As new model releases go—at least in the high-performance powerboat segment—one word sums up this year’s Miami International Boat Show, which opened yesterday and will close Sunday.
Skinny. Strike that. Anorexic.
There are exceptions, of course, such as the first model in Glasstream Powerboats’ GSX center-console series. The 36-footer is the product of a collaboration between Kruis Retherford, the owner of the Alabama-based boat company, and Glasstream dealer Bill Day of Day’s Boat Sales in Kentucky. A savvy marketer, Retherford turned to Day to help create the look, feel and features of the first GSX offering, a sporty center console dressed in graphics conceived by Stephen Miles Design. (Paul Boyden Customs of Pensacola, Fla., painted the boat.)
Don’t misunderstand, there was plenty to look at inside the Miami Beach Convention Center. The MTI exhibit included Bill Pyburn’s wicked V 50 center console and a V 42 center console along with a 390X catamaran and MTI’s second production 440X catamaran. Nor-Tech Hi-Performance Boats displayed a new 400 SS center console—the Fort Myers, Fla.-based company unveiled that model during last year’s show—owned by loyal Nor-Tech clients Jesse and Stephanie Neumann, as well as a 500 Sport center console for fellow Nor-Tech fan Alex Pratt, the founder of the Good Boy Vodka and hard seltzer brands, who is heading into his second Class 1 offshore racing season as a throttleman with driver Miles Jennings and XINSURANCE as the team’s primary backer.
Sandwiched between those brands was Cigarette Racing Team, which had a 515 sportboat, a 42 Auroris center console and a 41 Nighthawk center console—as well an array of Cigarette-branded clothing—on display.
In typically fine Midnight Express Boats fashion, the Miami-based company had a wicked, color-matched boat-car-combo consisting of a new SV 43 Solstice center console and Lamborghini automobile.

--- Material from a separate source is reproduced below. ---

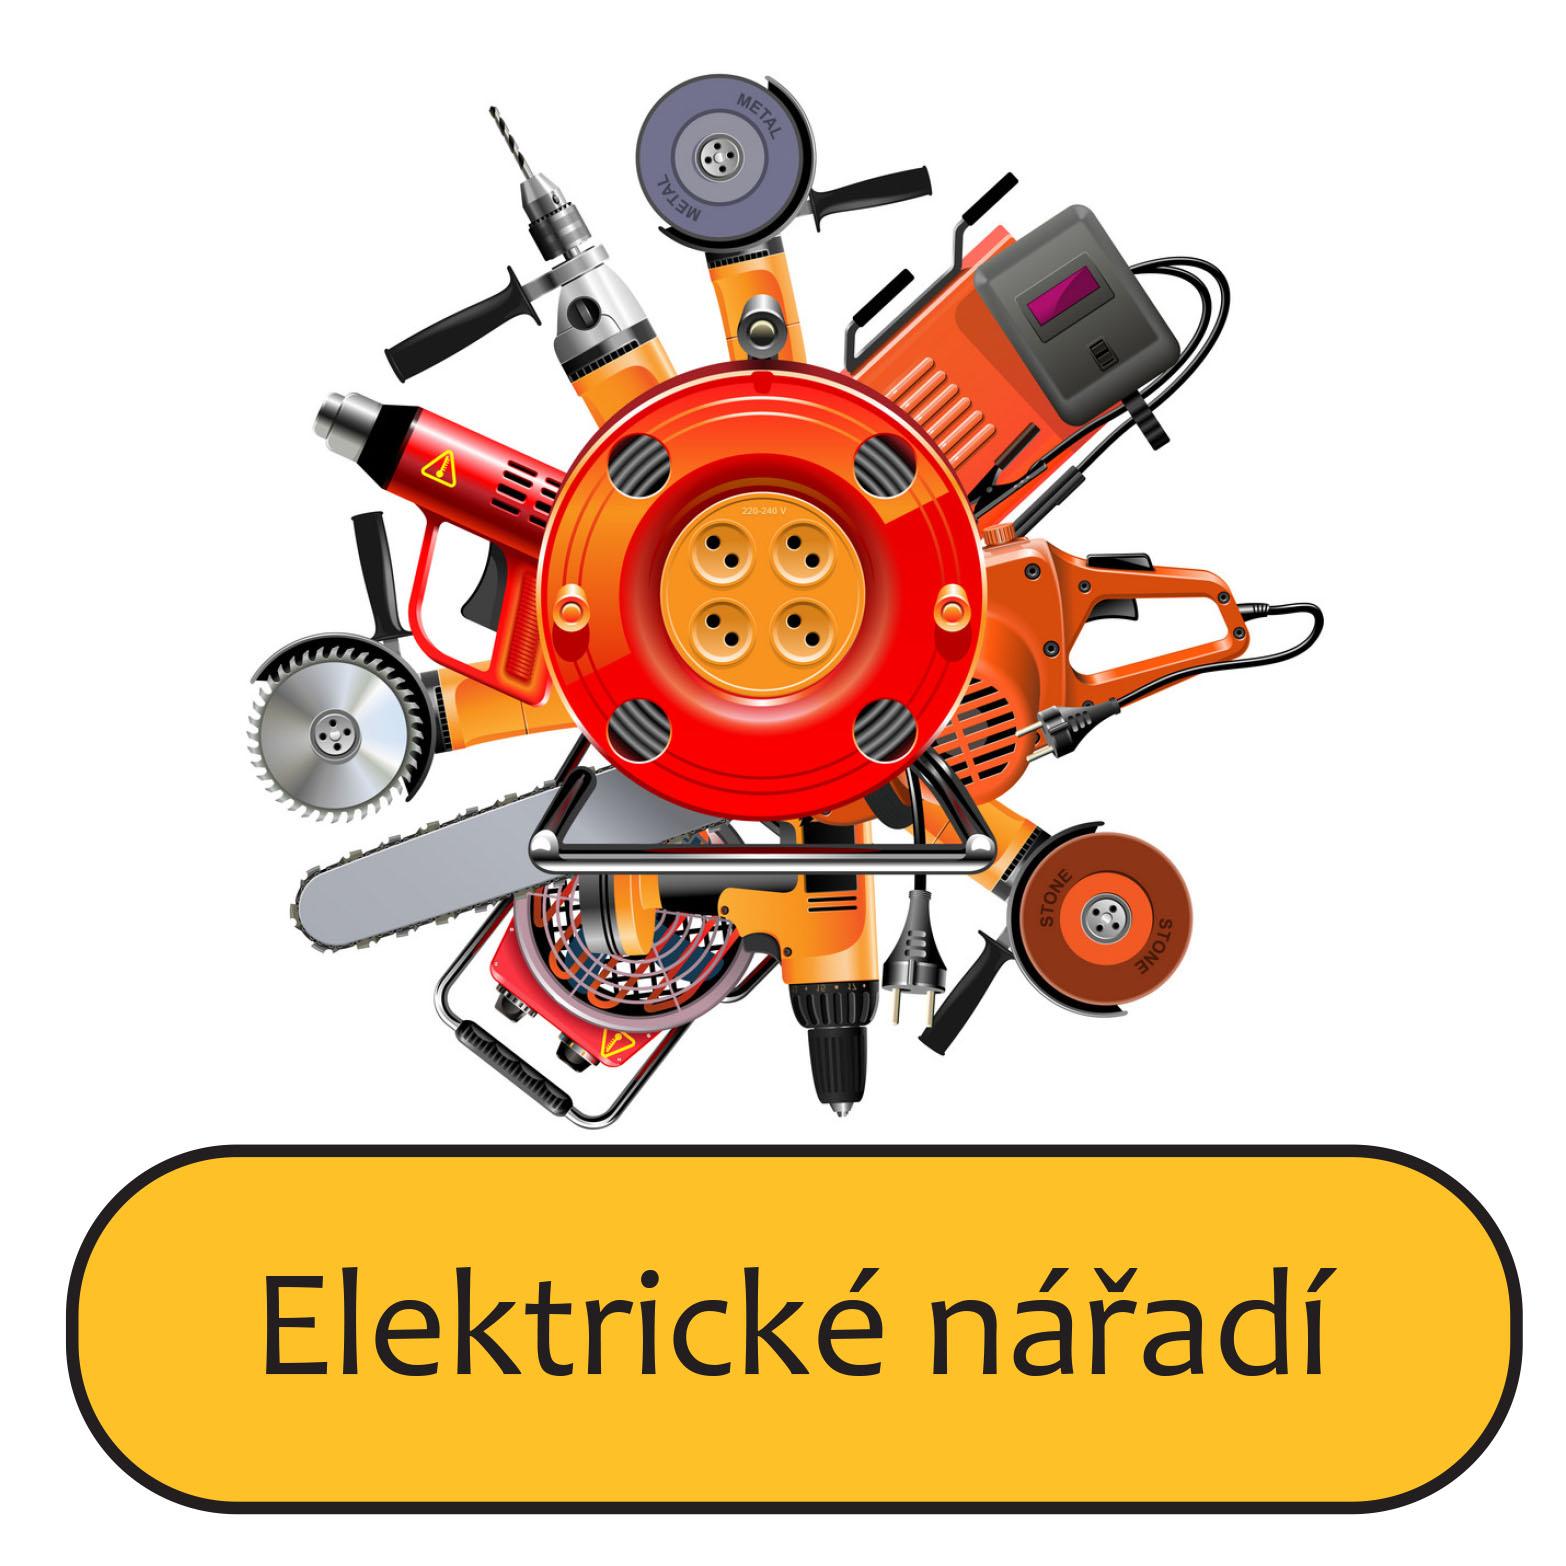 Elektrické nářadí

Without question, Mercury Racing’s new 400R V-10 outboard stole the show—at least inside the convention center. Not since the introduction of the 1350, the company’s first quad cam four valve twin-turbocharger sterndrive engine, at the 2010 Miami event has the Fond du Lac, Wis., high-performance marine propulsion outfit unveiled such a game-changing platform on which to base an entire engine series. But this time around, it’s all about outboards.
Scenes from the Miami Beach Convention Center.

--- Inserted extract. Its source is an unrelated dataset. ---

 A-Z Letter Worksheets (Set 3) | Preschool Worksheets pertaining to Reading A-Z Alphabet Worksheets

To loosely borrow from the late Sunshine State-born rock-and-roller Tom Petty, the future of V-10 outboard derivatives is wide open, which also happens to be part of Mercury Racing’s “Life At Wide Open” marketing mantra.

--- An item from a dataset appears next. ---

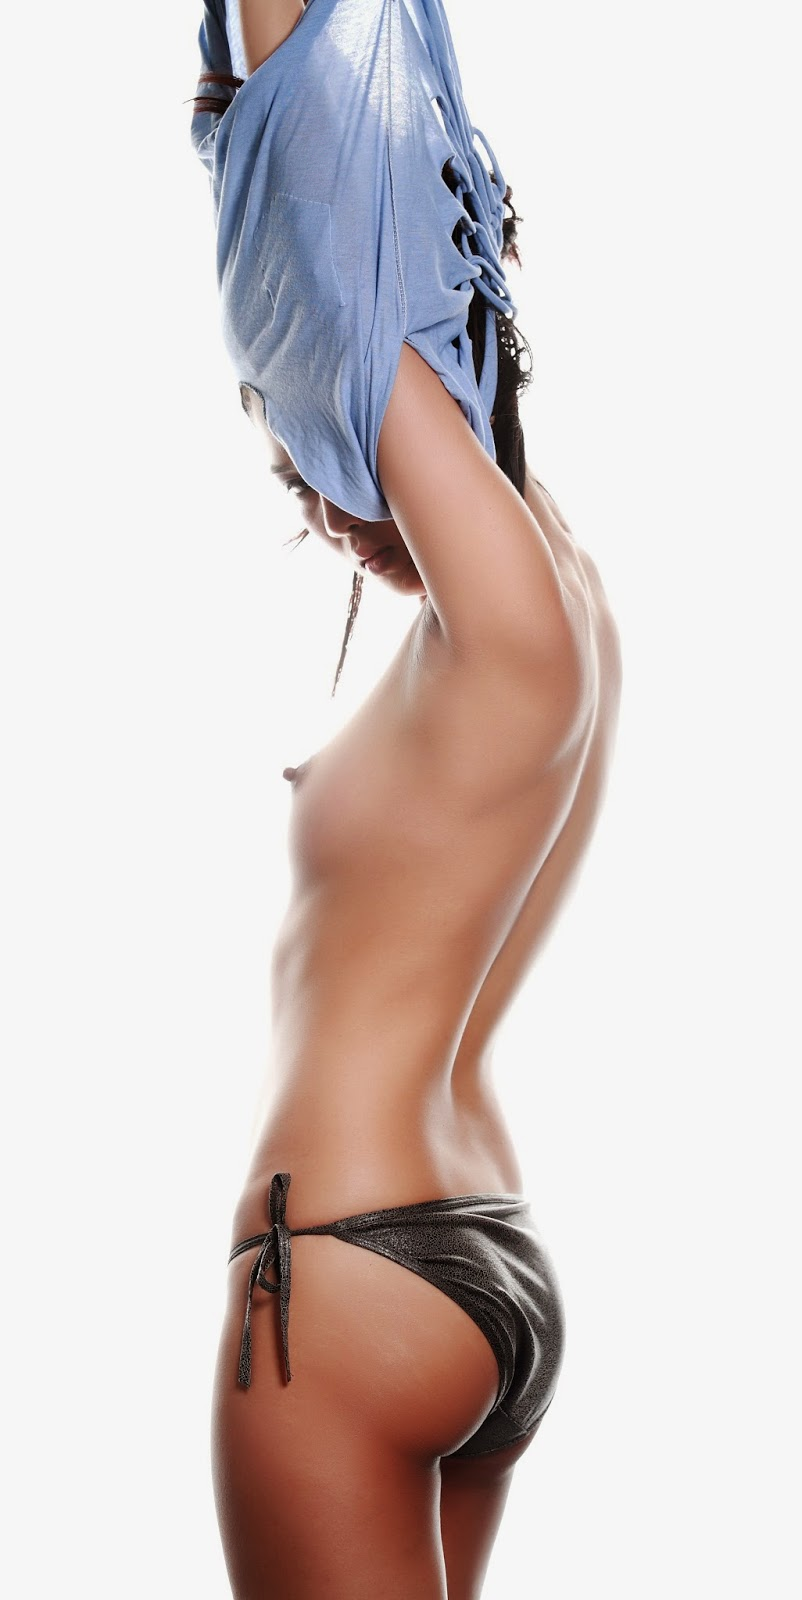 Bared Body

Mercury Racing also stole the show outside the show with its extensive demo fleet at Grove Harbour Marina in Coconut Grove, which minus traffic took about 20 minutes to reach from the convention center. (Of course, “minus traffic” and “Miami” should never be used in the same sentence.) The in-water collection included a DCB Performance Boats M37R Widebody catamaran, an MTI V-42 center console, an MTI 390X Mercury Racing-branded catamaran, a Mystic Powerboats M4200 center console, a Nor-Tech 390 Sport center console, an Outerlimits Offshore Powerboats SC 37 catamaran, SV 29 V-bottom and SV 52 V-bottom, and a Sunsation 32 CCX. The trip to Grove Harbour was well worth the effort.
And naturally most of the boats in the mix there were powered by Mercury Racing’s new V-10 outboard.
A five-minute idle was all it took to reach open water. Skippers included DCB’s Jeff Johnston and Tony Chiaramonte, Mercury Marine’s Mike Griffiths, Shaun Peters of MTI, Jason Taylor of Nor-Tech dealer Midwest Boating Center, Dan Kleitz of Outerlimits, and an entire team from Sunsation Boats. While waiting for their pre-reserved demo rides, participants could learn about the development and nuances from none other than Jeff Broman, Mercury Racing’s director of engineering.
Scenes from Grove Harbour Marina.
Short version: For performance-boat buyers who want to see and enjoy high-performance boats on the water—go figure—Grove Harbour was the place to be this week. And it will be again tomorrow, though would-be demo riders will need to contact the manufacturers above to make reservations. (The fleet moves out after Friday’s demo day ends.)
The verdict, as least this reporter’s version of it? The 2023 Miami International Boat Show is a mixed bag. A combination of exorbitant display fees and the general contraction of the high-performance marine category made that segment seem mighty small tucked away in a convention center corner, which in turn made it feel a little sad and underwhelming. New-model releases tend to run in cycles, and so far there aren’t many for the model-year 2023. No one to blame there, but it does make for a less splashy boat show.
On the very positive side, Mercury Racing’s V-10 outboard is a beast that holds nothing but promise for the go-fasting boating world. The company’s Grove Harbour demo days, which you can expect to return in 2024, also proved delightful.
The new GSX 36 on display in Miami is one of the first offerings in a new series of sporty center consoles from Glasstream.